▶ **What you will do**: In the copy, keep every line below as it is and leave out the pictures.

▶ **Collected data**:
**********

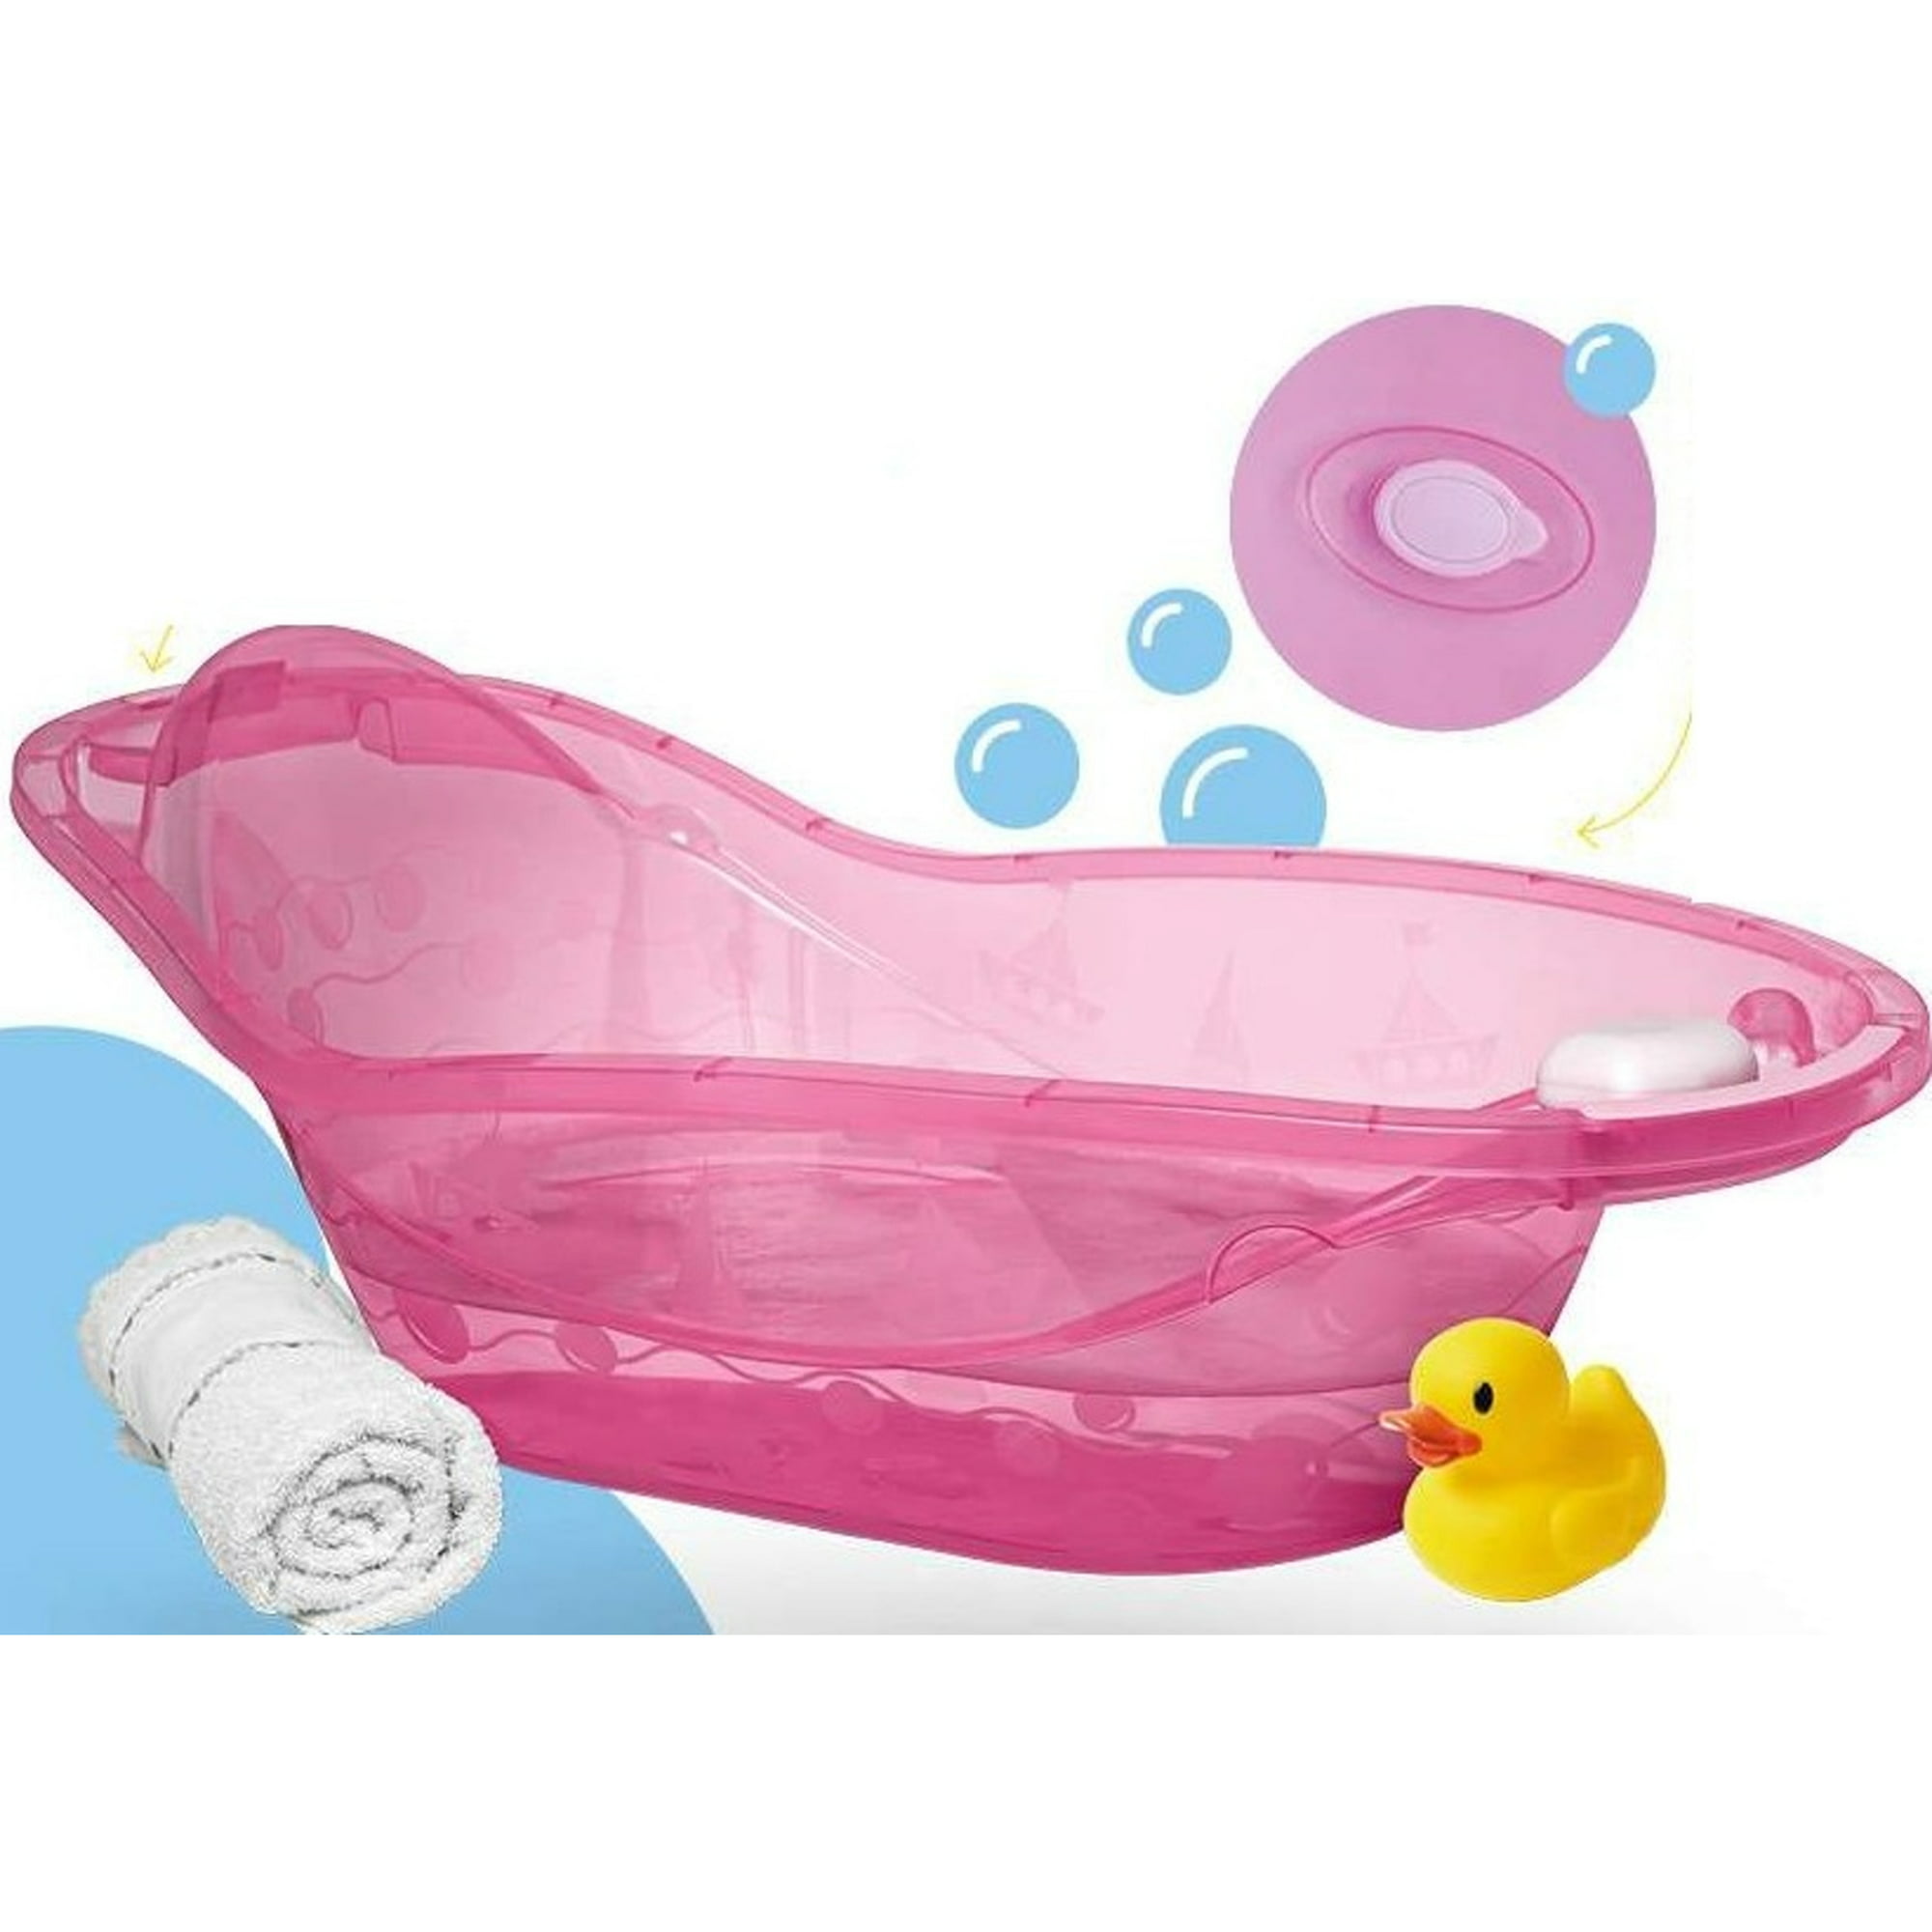 Bañera, Tina portátil para bebe de Plastico Rosa con tapón de salida de  agua en plástico libre de BPA Jaguar Plásticos Cuidado del Bebé
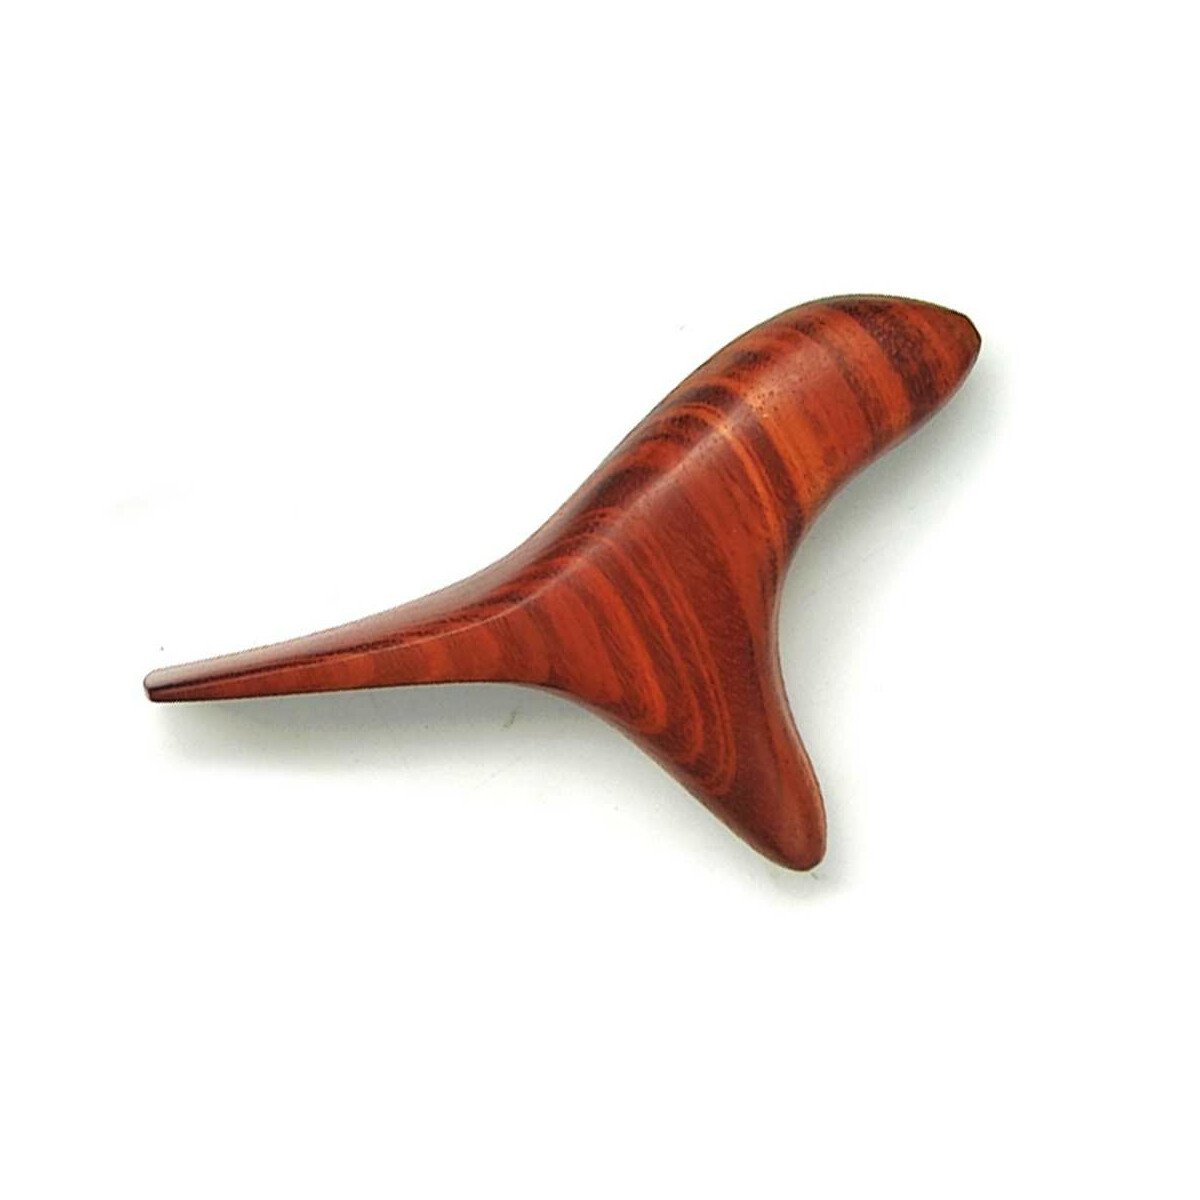 Ausilio per massaggi in legno, forma: Uccello tricorno Birdy
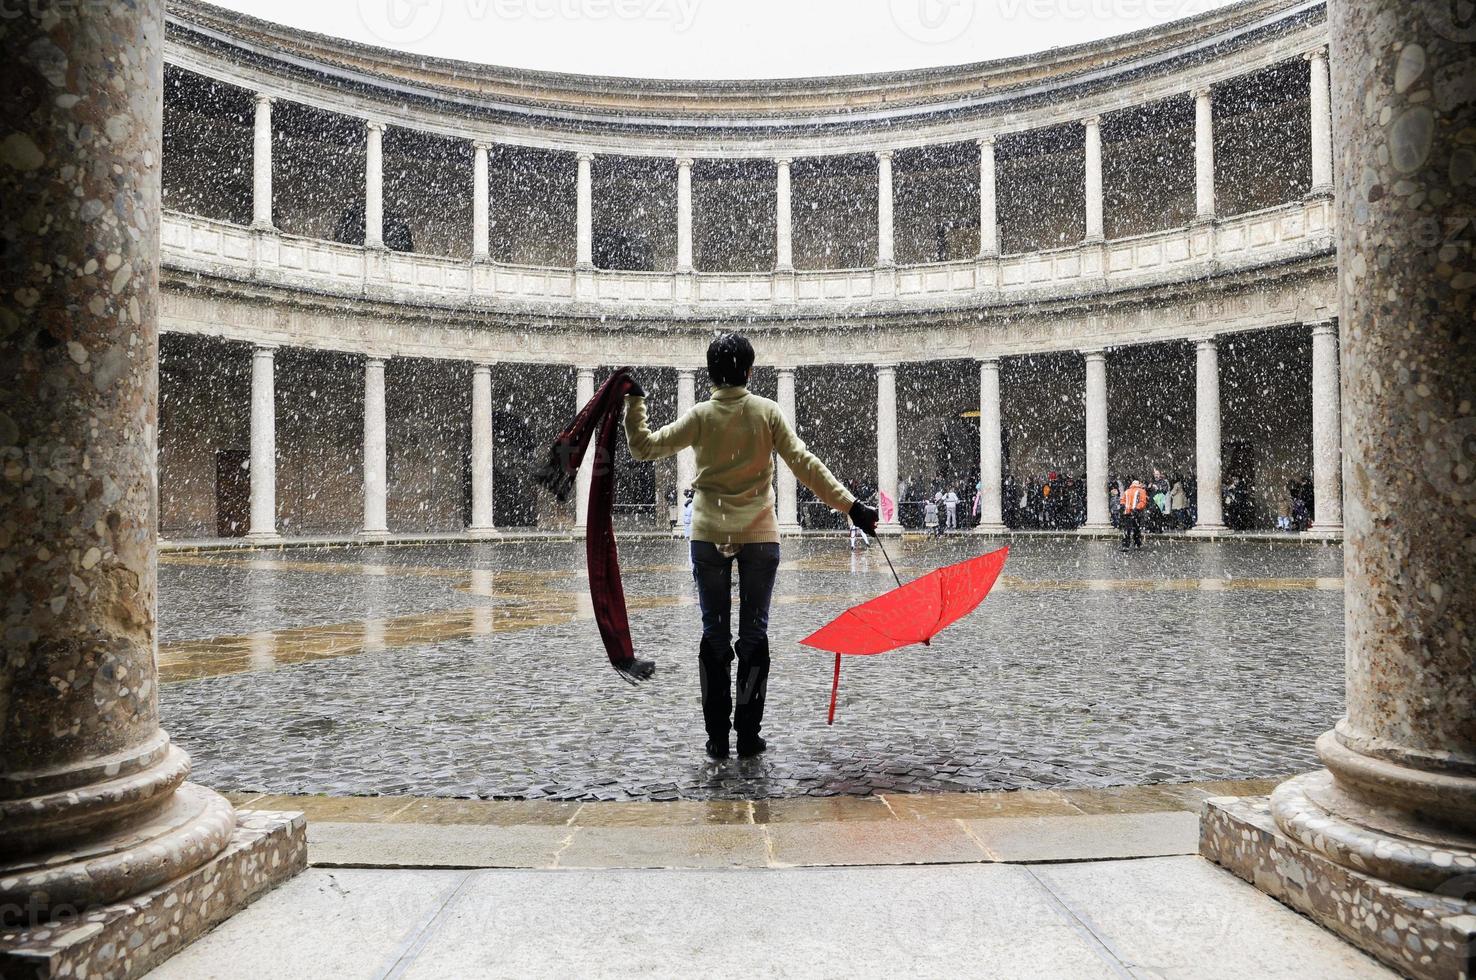 il neige sur une femme avec un parapluie rouge dans un palais photo

**********

▶ **Written response**:
 Bañera, Tina portátil para bebe de Plastico Rosa con tapón de salida de  agua en plástico libre de BPA Jaguar Plásticos Cuidado del Bebé
 Ausilio per massaggi in legno, forma: Uccello tricorno Birdy
 il neige sur une femme avec un parapluie rouge dans un palais photo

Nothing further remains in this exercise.